3.2. Influence of Alloy Composition on the Elastic Strain Limit

The large elastic strain observed in Fig. 1(a) is not limited to the Fe-31.2Pd (at.%) alloy. We may expect the same large strain in the Fe–Pd alloys with different compositions when a compressive stress is applied in the [001] direction near its M_s. Figure 3 shows the stress-strain curve of the Fe-30.8Pd (at.%) alloy obtained at 255 K (= M_s). The dashed curve is obtained by applying a maximum stress of 250 MPa in the [001] direction. The strain completely recovers during the stress relieving process. The solid curve in Fig. 3(a) is obtained by applying a maximum stress of 300 MPa. We notice that the yield point appears at 270 MPa, and the strain induced after the yield point does not recover during the stress relieving process. The maximum elastic strain is about 7.5%. These results are essentially the same as those of the Fe-31.2Pd (at.%) alloy tested at 240 K (Fig. 1(a)).

Fig. 3.

Stress-strain curves of the Fe-30.8Pd (at.%) single crystals compressed in the (a) [001] and (b) [011] directions at 255 K. The dashed lines indicate elastic deformation in the [001] direction.

3.3. Influence of Orientation on the Elastic Strain Limit

Figure 3(b) shows the elastic strain limit of the Fe-30.8Pd (at.%) single crystals compressed in the [011] direction at M_s = 255 K. A clear yield point appears at 295 MPa; the corresponding elastic strain is 1.6%. The limit of the elastic strain in the [011] direction is much smaller than that in the [001] direction (7.5% in Fig. 3(a)). This means that the limit of the elastic strain of the Fe-30.8Pd (at.%) single crystal depends significantly on the direction of compression. This behavior can be attributed to the large elastic anisotropy in Fe–Pd alloys, which will be further discussed in section 4.

3.4. Influence of Grain Boundary on the Elastic Strain Limit

The significant elastic anisotropy observed in Fig. 3 implies that we may not expect a large elastic strain in polycrystalline specimens. A compressive test of a polycrystalline Fe-31.2Pd (at.%) alloy at 240 K was carried out and the results are shown in Fig. 4, in which the origin is shifted such that the residual strain can be clearly noticed. The strain induced by the stress almost completely recovers when the maximum stress is 150 MPa and lower. However, when the stress exceeds 150 MPa, an obvious residual strain appears. Therefore, we consider that the yield stress of a polycrystalline specimen is approximately 150 MPa, which is consistent with the values previously reported for a polycrystalline specimen of the Fe-30.5Pd (at.%) alloy.¹³⁾ We notice that the yield stress of the polycrystalline specimen is about half of the yield stress of single crystals. Presumably, stress concentration occurs in grains that have a Young’s modulus higher than those of the surrounding grains because of the large elastic anisotropy, which is discussed in section 4.

Fig. 4.

Stress-strain curves of the Fe-31.2Pd (at.%) polycrystal at 240 K.

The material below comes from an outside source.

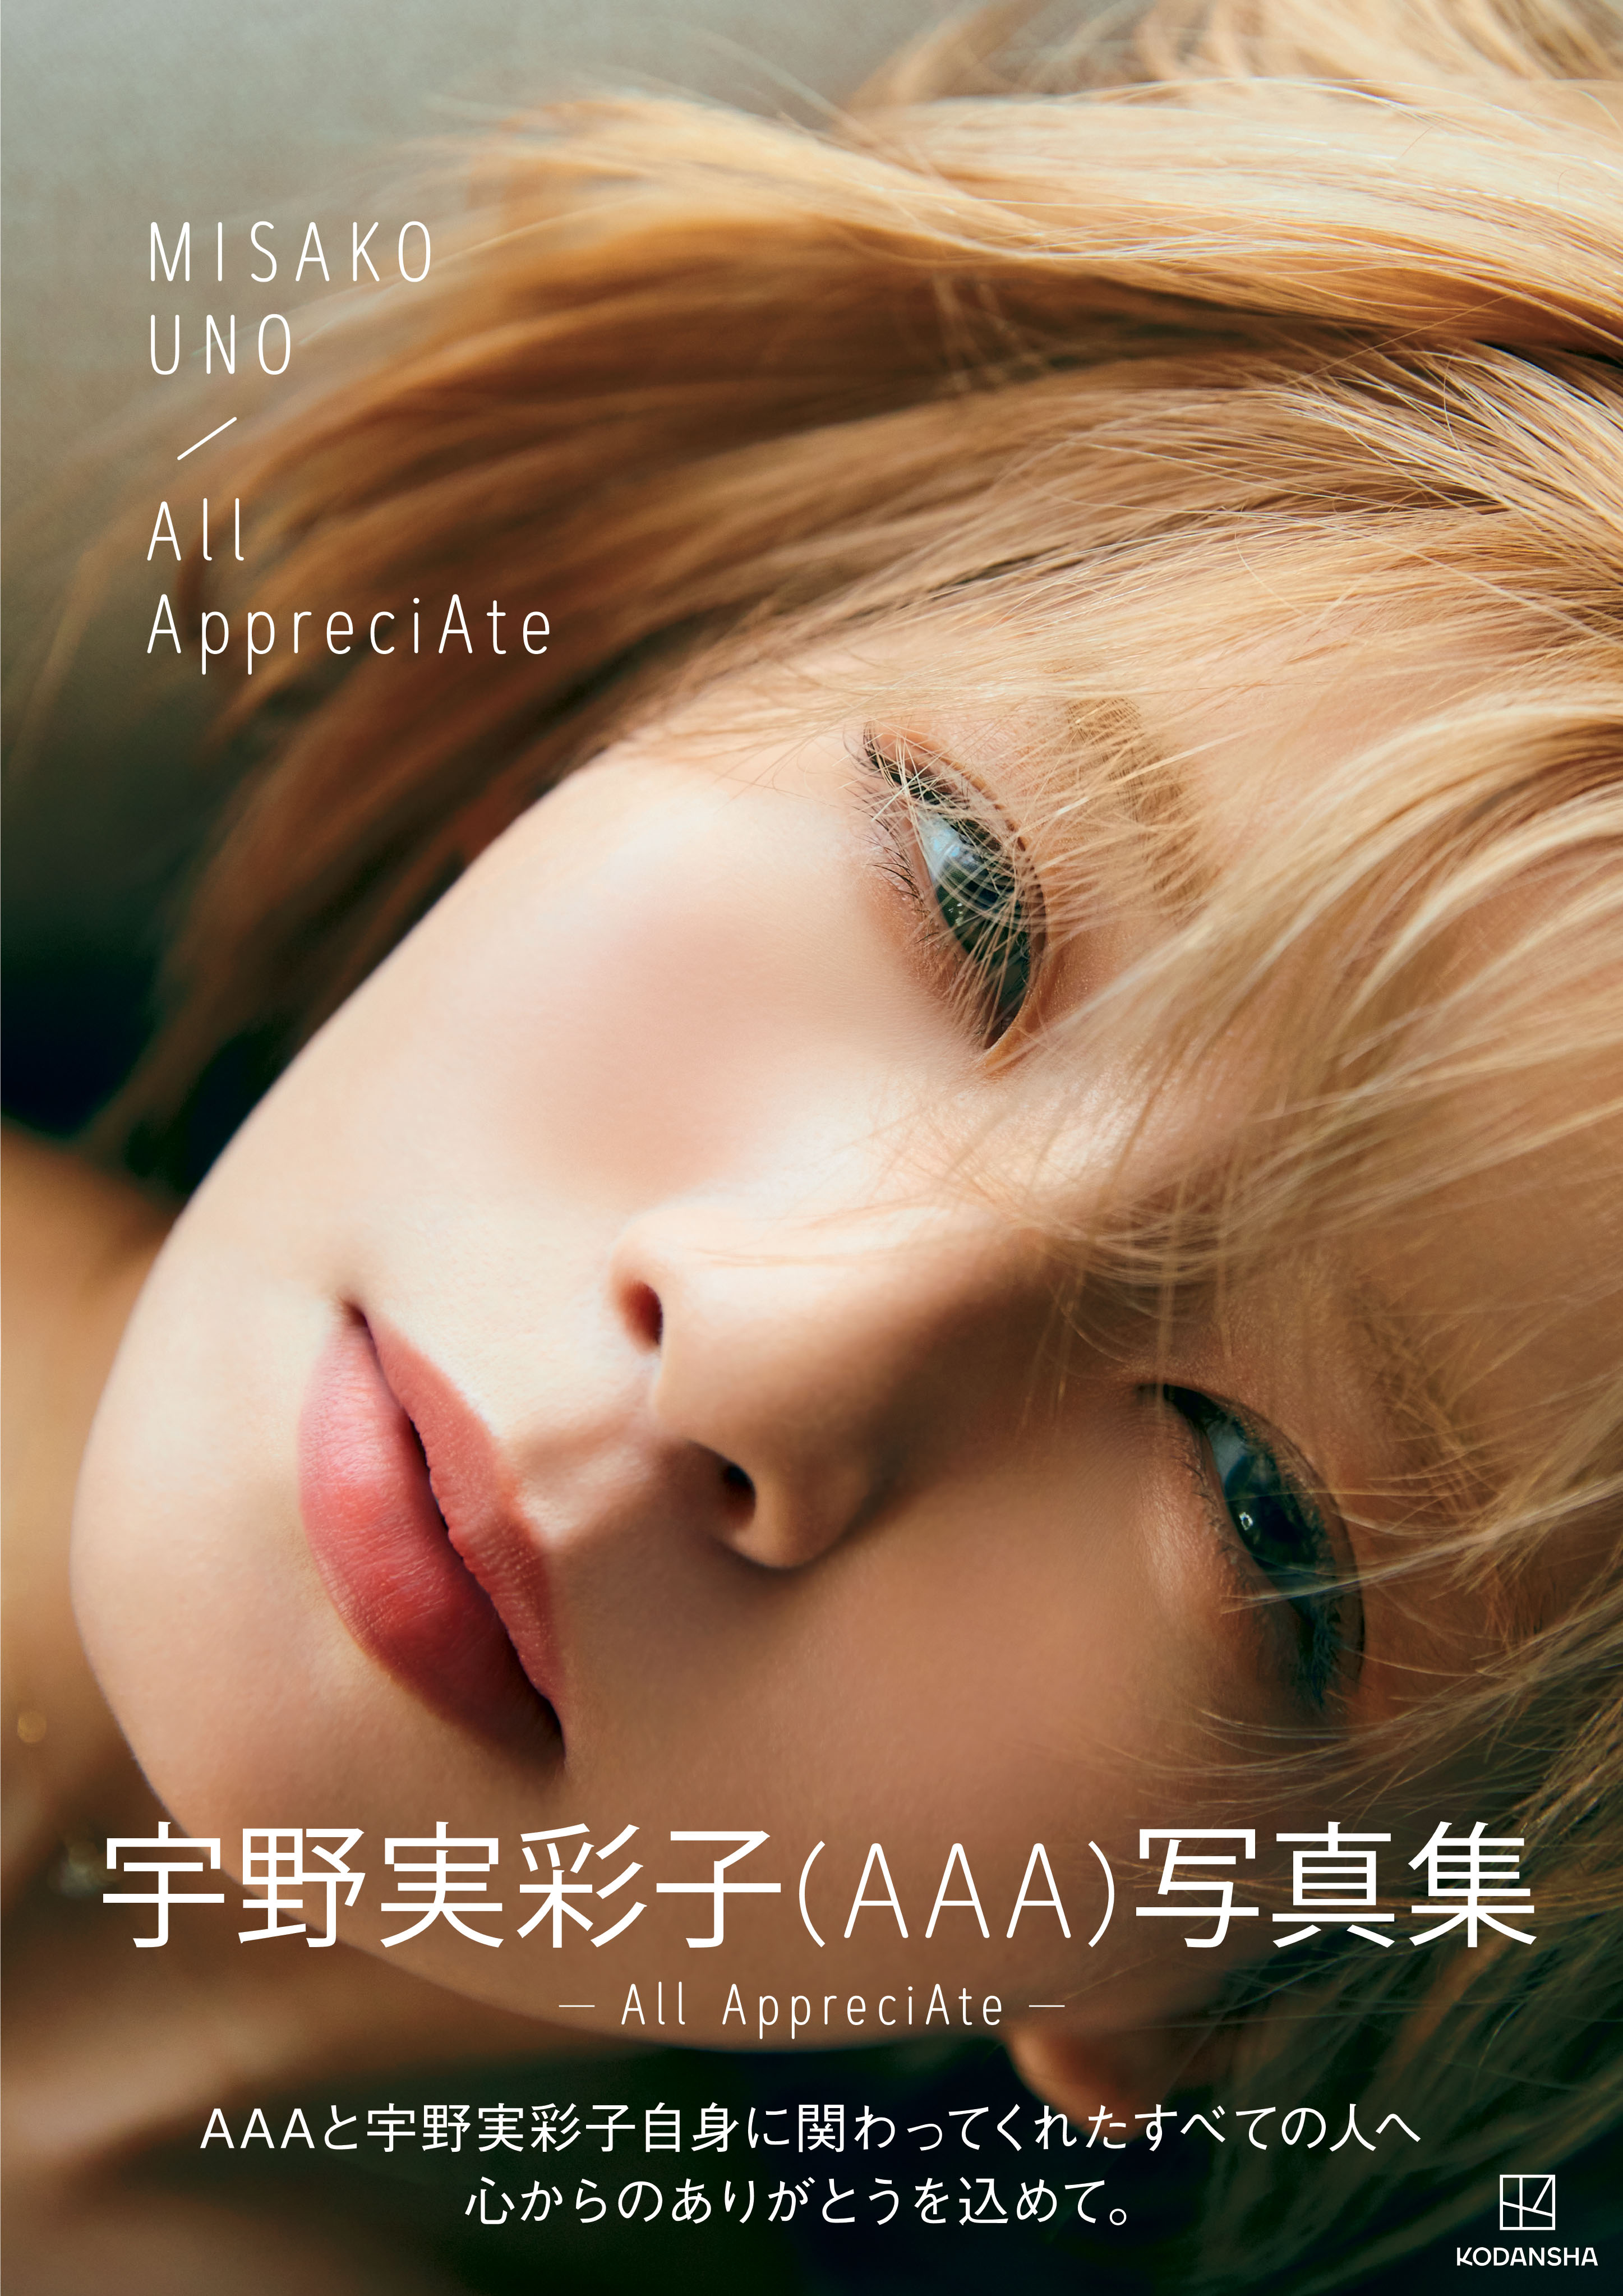 Aaaの宇野実彩子｜4年ぶりの写真集『all Appreciate』7月15日発売 Tower Records Online

3.5. Elastic Behavior Below the Elastic Limit

In the preceding subsections, we described the effect of various conditions on the elastic limit. In this subsection, we describe the impact of these conditions on the elastic behavior within the elastic limit. Figures 5(a) and 5(b) show the stress-strain curves of the Fe-30.8Pd (at.%) single crystals compressed in the (a) [001] and (b) [011] directions at various temperatures (above the transformation temperature). It is found that the elastic strain increases with decreasing temperature under the same stress in both directions. However, the elastic strain in the [011] direction is much smaller than the strain in the [001] direction at the same temperature and stress. Similar experiments were conducted in a polycrystalline specimen using the Fe-31.2Pd (at.%) alloy. Figure 6 shows the stress-strain curves of a Fe-31.2Pd (at.%) polycrystal compressed up to 50 MPa at various temperatures as indicated in the figure. It is found that the elastic strain increases with decreasing temperature, which is consistent with the behavior of single crystals.

Fig. 5.

Stress-strain curves of the Fe-30.8Pd (at.%) single crystals compressed in the (a) [001] and (b) [011] directions at various fixed temperatures indicated in the figures.

Fig. 6.

Stress-strain curves of the Fe-31.2Pd (at.%) polycrystal compressed up to 50 MPa at different fixed temperatures indicated in the figure.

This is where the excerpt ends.